Nathalie Klingebiel: Mentalität statt Minuten

In meiner Arbeit als Sportpsychologin an einem Nachwuchsleistungszentrum habe ich häufig mit einem Thema zu tun, dass scheinbar ein nicht verschwinden wollender Nebel über Mannschaften, Spielern und Trainern wabert: Spielzeit.

Zum Thema: Warum wahre Leader nicht nur auf dem Platz glänzen

Auch wenn das übergeordnete Motto an NLZs eigentlich „Entwicklung vor Leistung“ lautet, ist in den Köpfen der Spieler doch immer noch verankert, dass sie sich als Fußballer hauptsächlich darüber definieren, ob sie in der Startelf stehen und wie viele Einsatzminuten sie bekommen. Dass jemand, der zwar 90 Minuten durch spielt, dafür aber vielleicht an diesem Tag besonders schwach, nicht zwangsläufig besser ist als jemand, der „nur“ für 20 Minuten eingewechselt wird, dafür aber on point abliefert, ist für viele (noch) nicht die Perspektive der Wahl. Kein Wunder – wird im modernen Fußball doch alles an Zahlen, Werten und Stats gemessen.

Das Problem daran? Es ergibt sich eine Schwarz-Weiß-Sichtweise, die in den meisten Fällen eine Negativspirale mit sich zieht. Glaubenssätze wie „Ich bin nur gut, wenn ich von Beginn an und über 90 Minuten spiele“ oder „Ich muss eine schlechte Leistung gebracht haben, wenn der Trainer mich auf die Bank setzt“ führen dann zu mangelndem Selbstvertrauen, einem Gefühl von erhöhtem Leistungsdruck sowie geringerer Motivation bis hin zum kompletten Verlust der Freude am Fußball. 

„Leadership von der Bank“

An dieser Stelle kommt die Sportpsychologie wieder ins Spiel. Gemeinsam mit den Mannschaften im Rahmen eines Workshops oder mit einzelnen Spielern, die mit ihren Anliegen zu mir ins Coaching kommen, erarbeite ich dann das Thema „Leadership von der Bank“. Dabei wird anhand verschiedener Reflexionsfragen geschaut, was Leadership im Allgemeinen für die Spieler bedeutet und wie sie diese Faktoren und Eigenschaften, nicht nur auf dem Platz, sondern auch von der Bank aus umsetzen können.
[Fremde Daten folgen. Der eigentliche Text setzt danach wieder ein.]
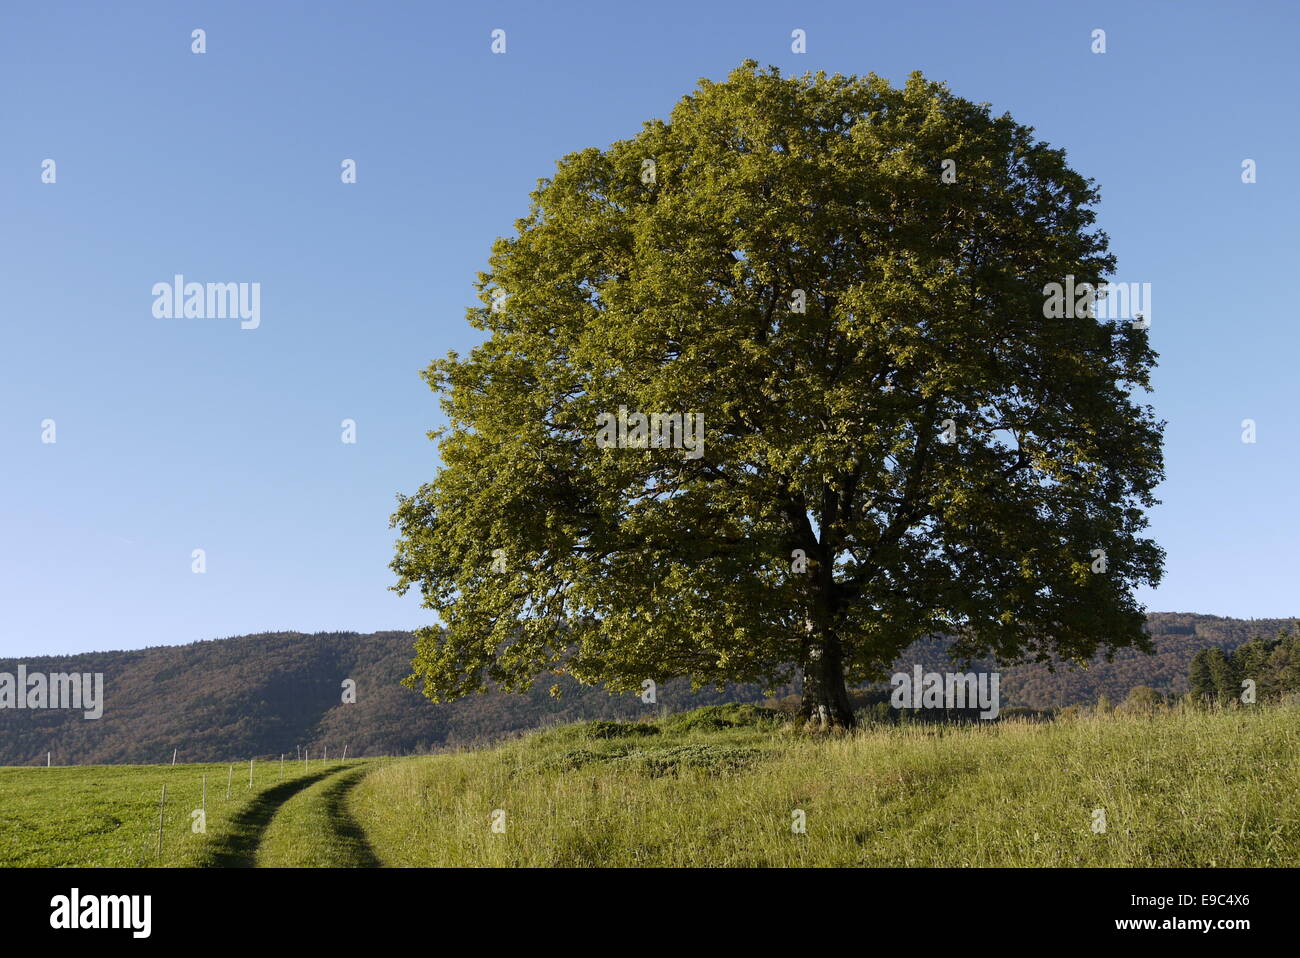 Walnut Tree (Juglans regia) in autunno bello e mite luce - Walnussbaum in schönem Herbstlicht auf Graswiese mit Bergkette Foto Stock
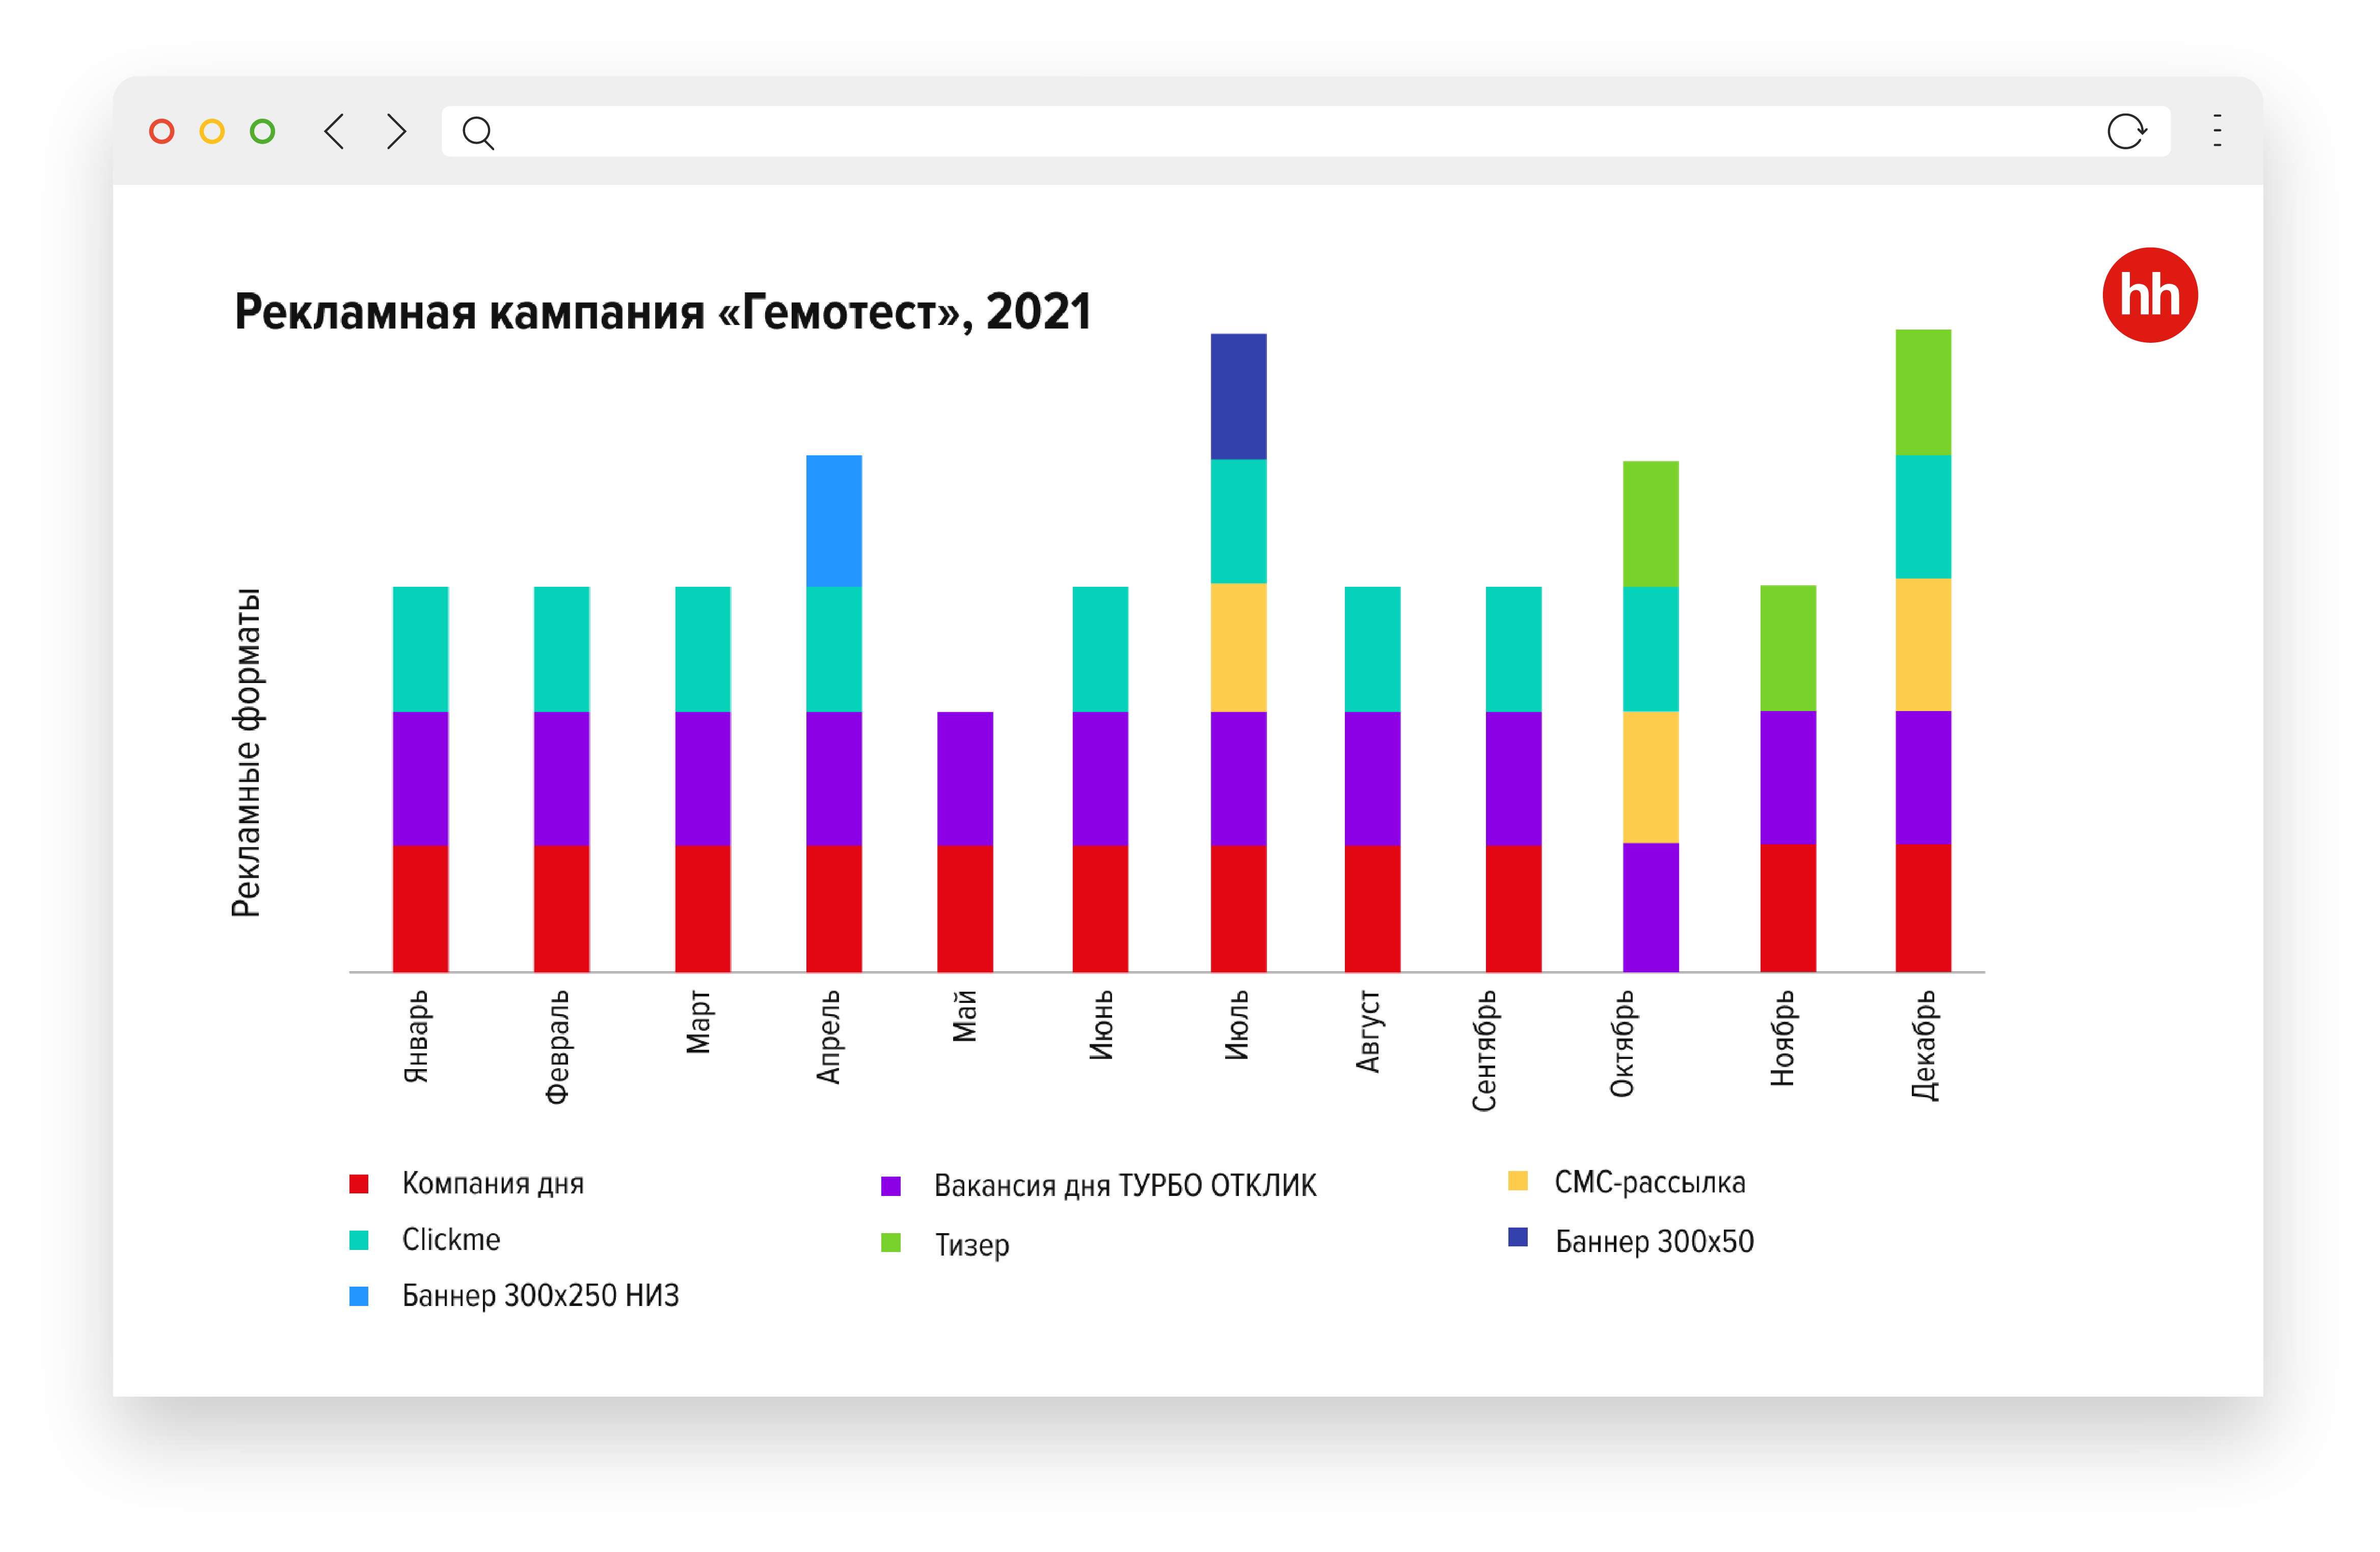 Как нанимать по 500 человек в месяц: кейс «Гемотест» и hh.ru

Sie können sich beispielsweise fragen, wie sie ihr Team konkret unterstützen, auch wenn sie nicht spielen. 

Wichtig ist es zudem, ein Bewusstsein dafür zu vermitteln, dass man immer dieselbe Motivation und das gleiche positive Mindset an den Tag legen sollte, so als würde man jedes Spiel in der Startelf stehen. Das sind häufig unterschätzte Qualitäten, die Trainern aber durchaus auffallen und auf die sie Wert legen, was nicht zuletzt auch ihre Entscheidung beeinflussen kann, auf wen sie im nächsten Spiel setzen. Manchmal ist es auch ein strategischer Plan des Trainers, bestimmte Spieler vorerst auf der Bank zu lassen, da ihre Spielweise oder Position nicht zur Taktik des Gegners passt. Auch hier zeigt sich wieder: Leader und somit ein wichtiger Teil der Mannschaft zu sein, heißt nicht gleich Spielzeit. 

Unterschiedsspieler statt Ersatzspieler

Nicht zuletzt werden Bankspieler häufig als Joker eingesetzt, die erst im späten Spielverlauf und somit innerhalb kürzester Zeit das Spiel noch drehen oder entscheiden (können). Prominentestes Beispiel: Mario Götze, dessen Name seit dem WM-Finale gegen Argentinien wohl jedem ein Begriff sein sollte, als er Deutschland in der 113. Minute zum WM-Sieg geschossen hat.

Ein wichtiges Learning, was ich meinen Spielern in diesem Kontext mit auf den Weg gebe, ist folgendes: Spieler von der Bank sind keine Ersatzspieler, sondern Unterschiedsspieler.